As DADT Repeal Talk Gains Steam, A Gay Guardsman Is Back With His Unit

A National Guardsman who became a cause celebre among gay-rights groups last year, after announcing on The Rachel Maddow Show that he is gay and being recommended for discharge, has returned to training with his unit.

The move doesn’t appear to be evidence of an explicit policy change on Don’t Ask Don’t Tell, but it does count as more potential evidence of a shift in attitude in military circles.Last June, Dan Choi announced on MSNBC that he was gay, prompting a National Guard board to recommend that he be discharged under the military’s Don’t Ask Don’t Tell policy.
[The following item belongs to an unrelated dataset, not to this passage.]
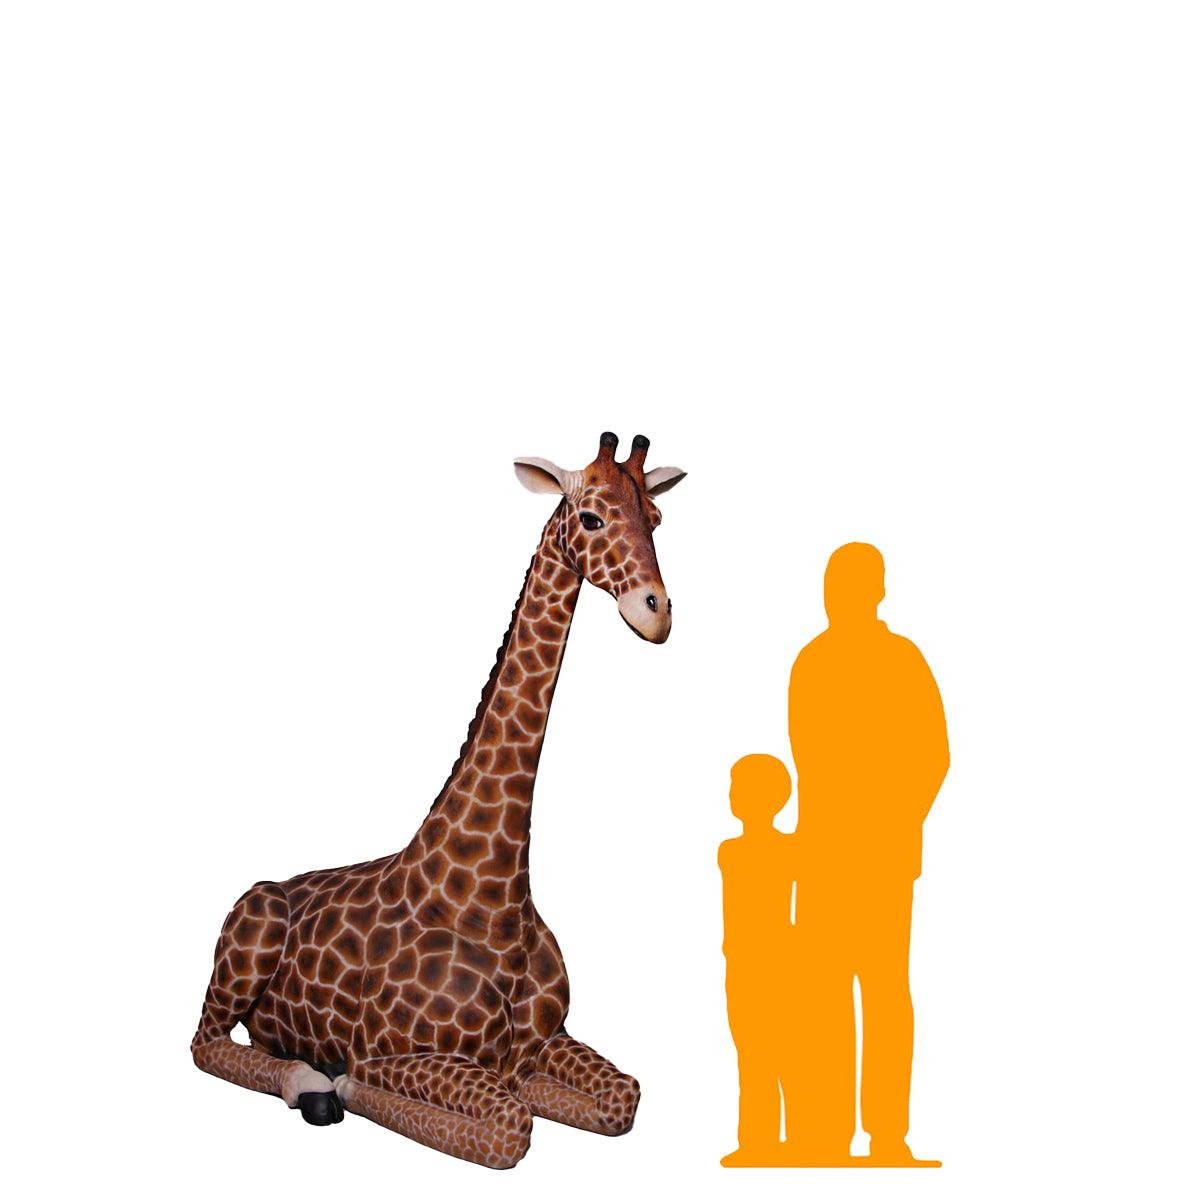 Large Laying Giraffe Statue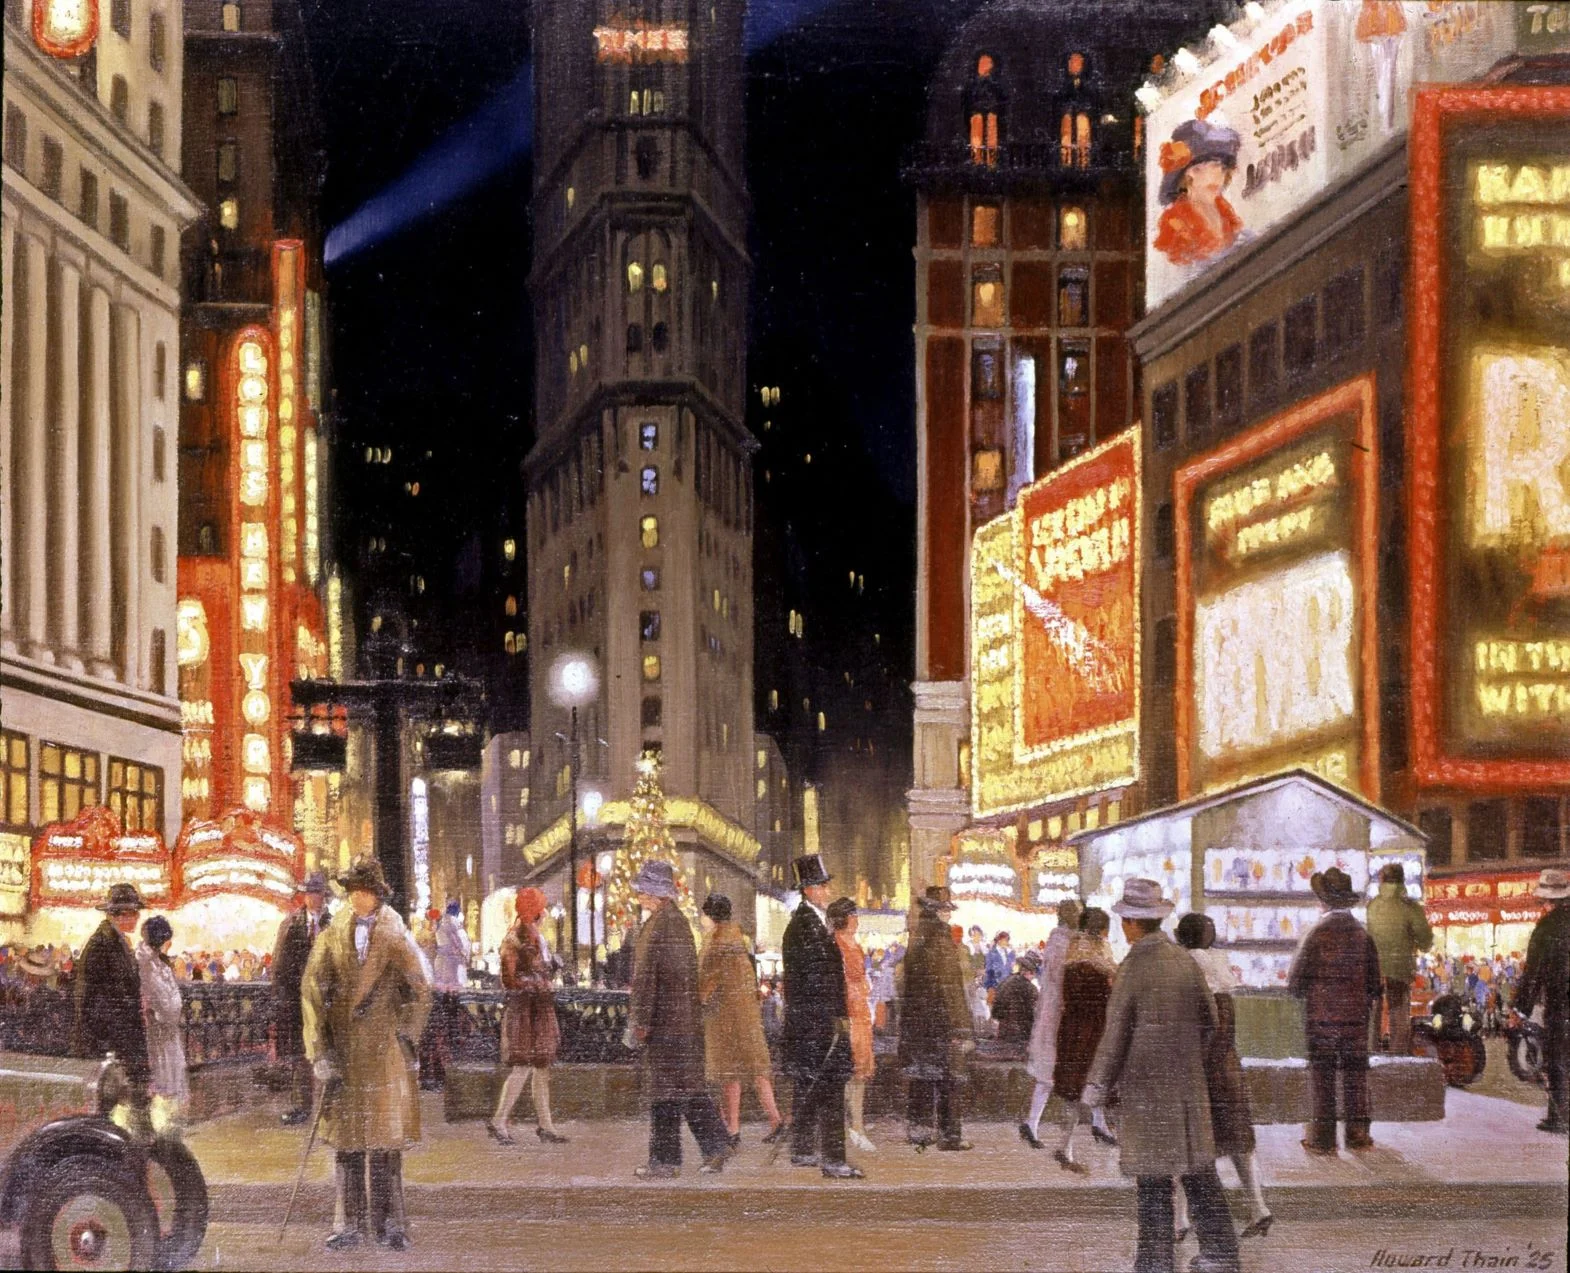 Howard Thain 作品，描繪一九二五年繁華的紐約時代廣場。

Though the discharge was never finalized, Choi, an outspoken advocate for the repeal of DADT, hadn’t been with his unit since then — until this weekend.

The news of Choi’s return was first reported on the website Bilerico.

It appears that the development was prompted, if indirectly, by the increasing likelihood that DADT is on the way out.

Sue Fulton, an activist with Knights Out, an organization of gay West Point graduates, explained to TPMmuckraker that Choi’s commanding officer decided that while Choi’s case was pending — as it still is — he should be temporarily “excused” from Guard duty. “The officer said, ‘You have a lot of other stuff going on, go do those things,'” said Fulton.

But last week — amid news reports that senior military figures supported ending DADT — Choi was contacted by the commanding officer, who invited him to rejoin the unit.

Fulton surmises that the commanding officer invited Choi back because, like many observers, he had come to believe that DADT may well be repealed, and therefore that Choi might not ultimately be discharged. “I would view it as a recognition by his unit that Dan’s discharge may, after all, NOT be confirmed by the Army,” she said.

Fulton stressed, though, that it’s unlikely that the decision was made by anyone higher in the chain of command. “National Guard commanders have wide latitude in terms of their units,” she said. “This is not a change in Army policy, nor any action from ‘higher headquarters’ that we are aware of.”

The military isn’t saying exactly what triggered the move. “He’s been on duty,” Eric Durr, a spokesman for the New York State Division of Military and Naval Affairs, which oversees the New York National Guard, told TPMmuckraker. “He has never left the National Guard.” Durr referred all questions on DADT to the Department of Defense.

And in an email to TPMmuckraker, Choi explained his return to his unit by saying simply that he rejoined “because we needed to train on critical infantry skills for a possible upcoming deployment.”

Choi warned that he may still be on shaky ground. “Good to be back with my unit,” he wrote, but added, “although I can still be fired at any moment for DADT.”